We discussed a variety of options how to deal with this. It seemed clear to me that we needed to check for the presence of a given Residue before traversing the whole array of present Residues, preferably in constant time. Something like that can, in principle, be achieved by sets or hashmaps which feature membership checks in constant time. At first, I tried using a HashSet but this proved difficult to do because the Atom struct contains floats which do not implement Hash so I couldn’t just use them. Also, sets are unordered which is inconvenient. I tried working around this with IndexSet which is an ordered set but then I stumbled over the problem that creating mutable references to sets is not possible in Rust. Unfortunately, this is a deal breaker for the functionality of the library.

At the end of the day, my collaborator came up with a nifty idea of parsing everything into a hashmap, storing the Residues as keys and using the constant lookup times to keep track of the things that had already been parsed. Then, after everything has been parsed, that hashmap is turned into the proper arrays the library uses for its functionalities. I was pretty impressed and I’m sure I couldn’t have come up with something this elegant.

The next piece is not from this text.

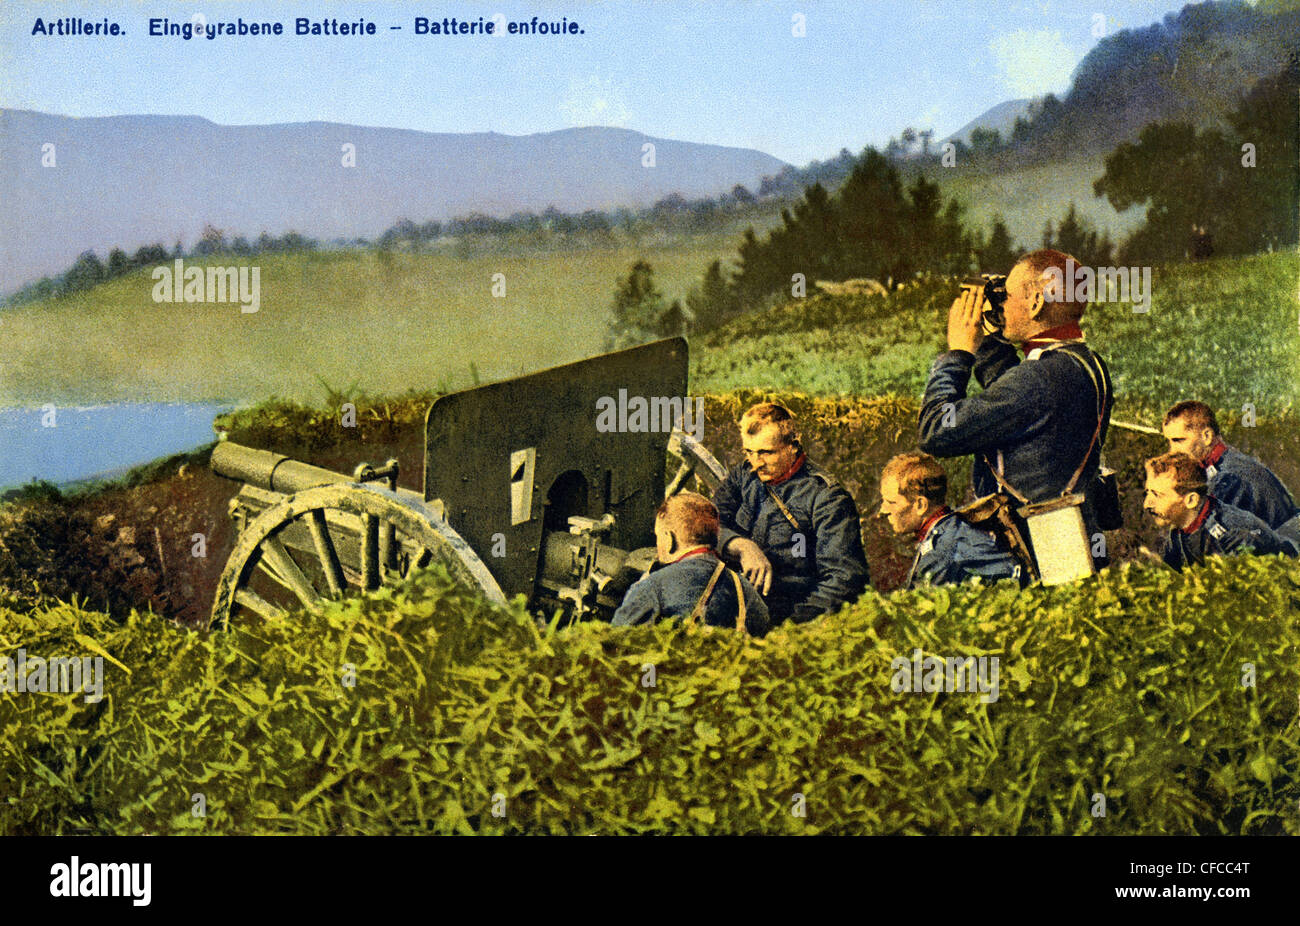 L'artillerie, creusée en batterie, batterie, Allemand, soldat, armée, militaire, l'Allemagne, l'obusier, cannon, manœuvre, pente, 1914, World Wa Banque D'Images

The only remaining issue was that hashmaps, too, are unordered so everything had to be sorted after parsing. Luckily, there is the indexmap crate (which I kind of mentioned above) which includes an ordered hashmap that can be used pretty much as a drop-in replacement for Rust’s HashMap. So that’s what I did to get rid of the need for sorting everything.

Sweet! Time for another profiling run, I’d say. Let’s see how it turned out: Flamegraph with some optimization

Now that looks very different and I’ll tell you why: the whole call stack that corresponds to the pdbtest testing crate that you can see here is equivalent to that jagged mess from the previous profiling runs that made up 10-20% at the end of the previous run time. Remember that we are looking at relative timings here. This means that, apparently, we were successful at eliminating the bottleneck quite thoroughly.

A quick, non-quantitative “benchmark” confirms this. Whereas parsing my test file had taken some three seconds earlier, now it’s 300 - 600 ms. I think that’s impressive.

This experience served as a first glance at profiling an application I had contributed to and it was a fascinating experience. Before I was able to produce anything useful I spent a lot of time reading up on possible tools and skimming their documentation for some simple instructions and the like. In fact, I did use perf itself for profiling as well but realized that, albeit instructive, it didn’t provide any insight for me that the simple flamegraph hadn’t already so I didn’t include an account of my experience with it here.

That’s a task for future me.